The natural logarithm $\ln(x) = \log_e(x)$. In code: Math.exp(x) = $e^x$, Math.log(x) = $\ln(x)$.

Interactive: Exponential Growth & Decay

See how $y = a \cdot e^{kx}$ behaves. Positive $k$ = growth, negative $k$ = decay.

1.0 0.50
Real-World Example: ML — Cross-Entropy Loss & Log Probabilities

The cross-entropy loss for classification is:

$$L = -\sum_{i} y_i \log(\hat{y}_i)$$

Why $\log$? If the model predicts $\hat{y} = 0.99$ for the correct class, $-\log(0.99) \approx 0.01$ (tiny loss, good!). If it predicts $\hat{y} = 0.01$, $-\log(0.01) \approx 4.6$ (huge loss, bad!). The $\log$ turns multiplication-scale probabilities into addition-scale losses. It penalises confident wrong answers much more than uncertain ones.

This is also why we work in "log space" — multiplying tiny probabilities causes underflow; adding their logs doesn't.
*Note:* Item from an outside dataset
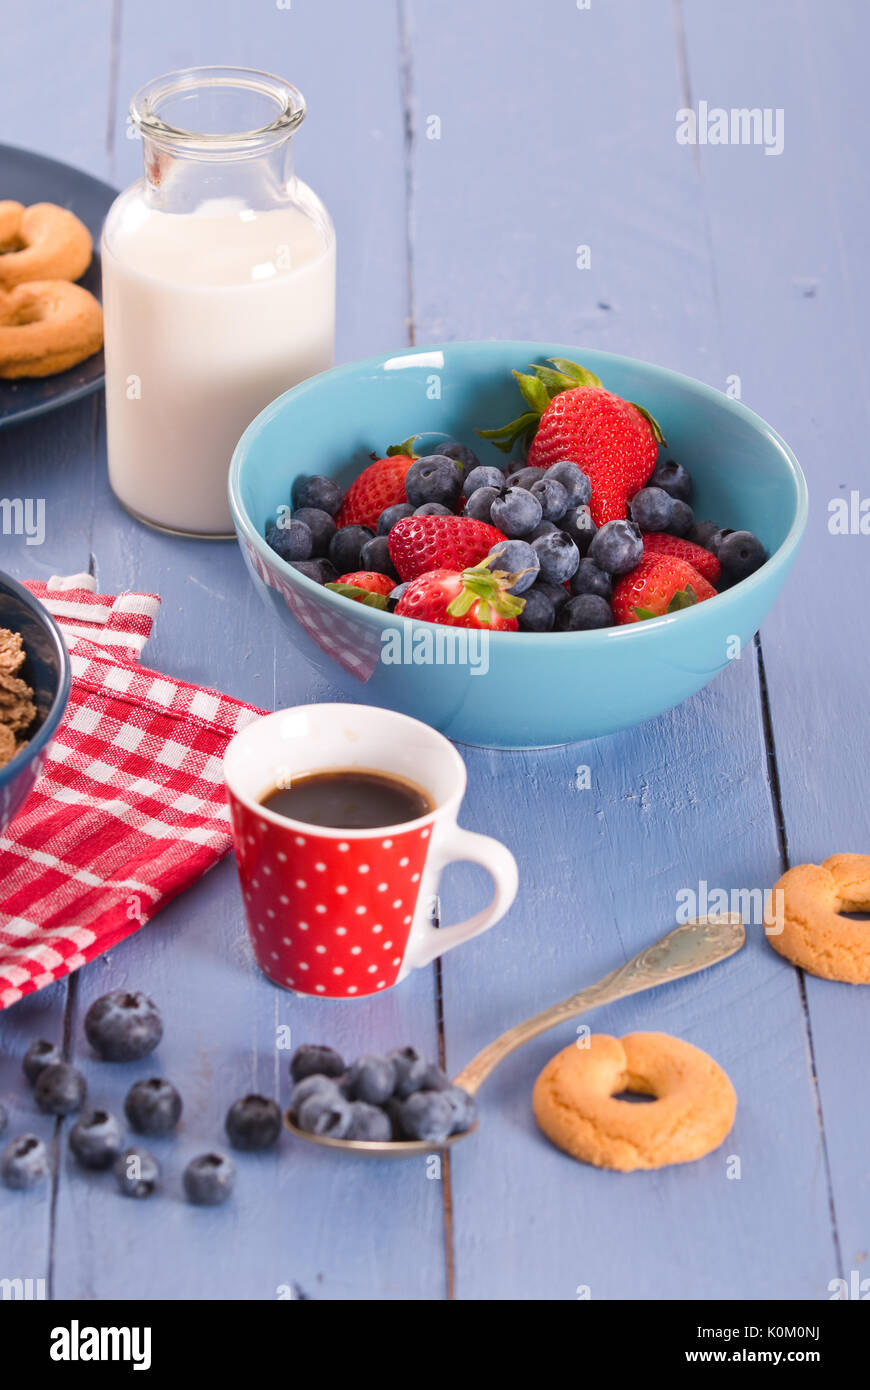 Breakfast with wholegrain cereals. - Stock Image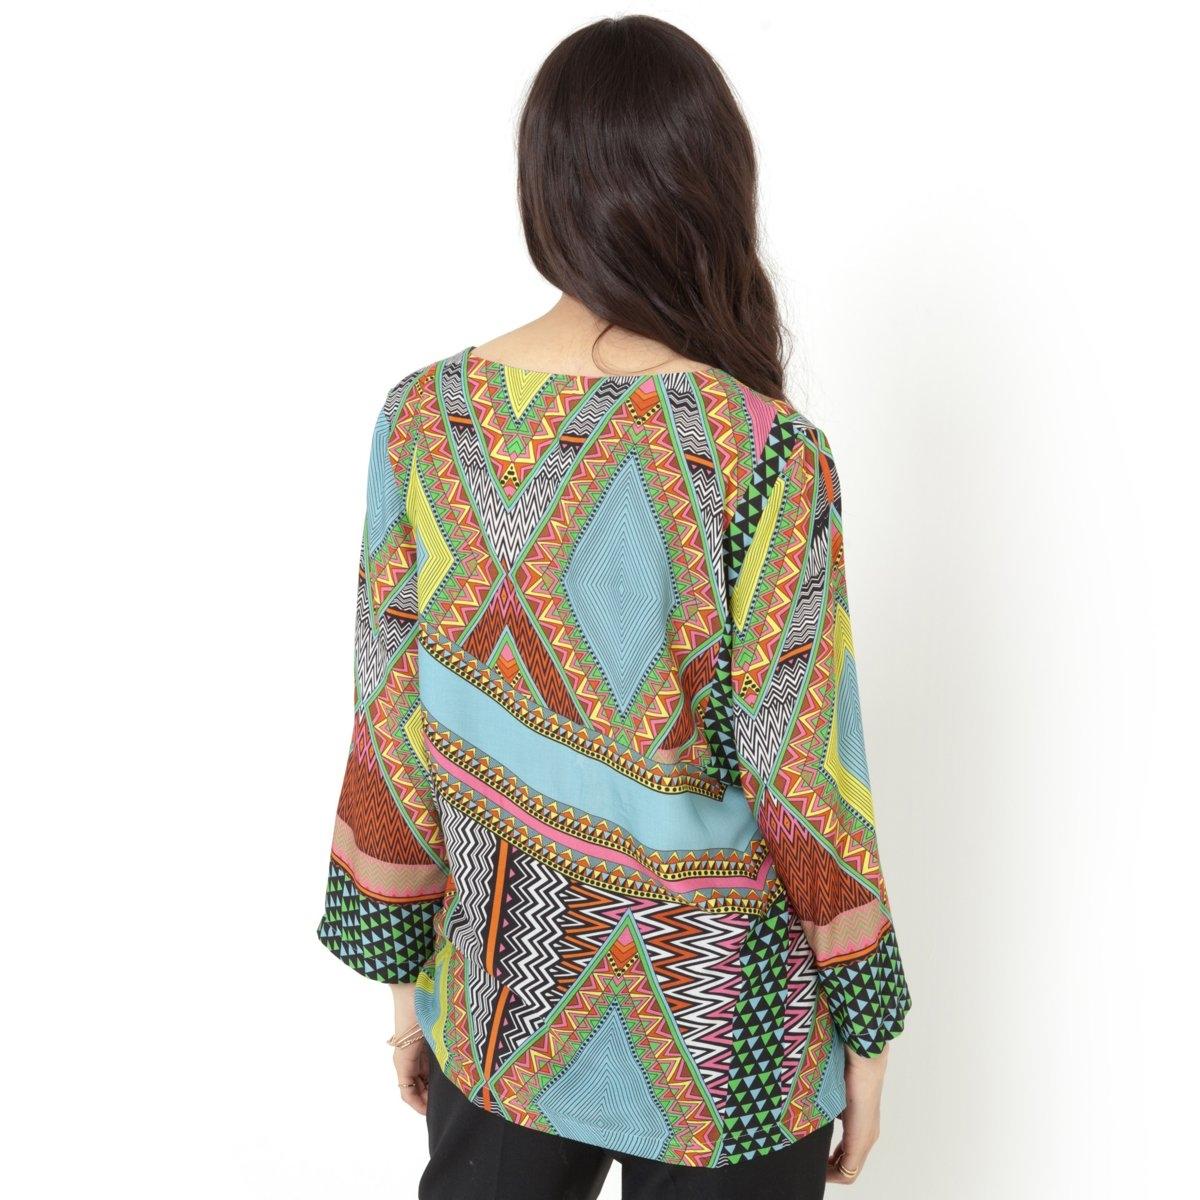 Блузка с рисункомСтруящаяся блузка с рисунком. 100% вискозы. Квадратный покрой. Рукава 3/4. Длина 63 см.<br><br>Цвет: рисунок разноцветный этнический

Real-World Example: Information Theory — Entropy

Shannon's entropy measures uncertainty:

$$H = -\sum_{i} p_i \log_2(p_i) \quad\text{(bits)}$$

Fair coin: $H = -(\frac{1}{2}\log_2\frac{1}{2} + \frac{1}{2}\log_2\frac{1}{2}) = -(-\frac{1}{2} + -\frac{1}{2}) = 1$ bit. Maximum uncertainty.

Biased coin ($p=0.99$): $H \approx 0.08$ bits. Almost no uncertainty.

This underpins data compression, information gain in decision trees, and the KL divergence used in variational autoencoders.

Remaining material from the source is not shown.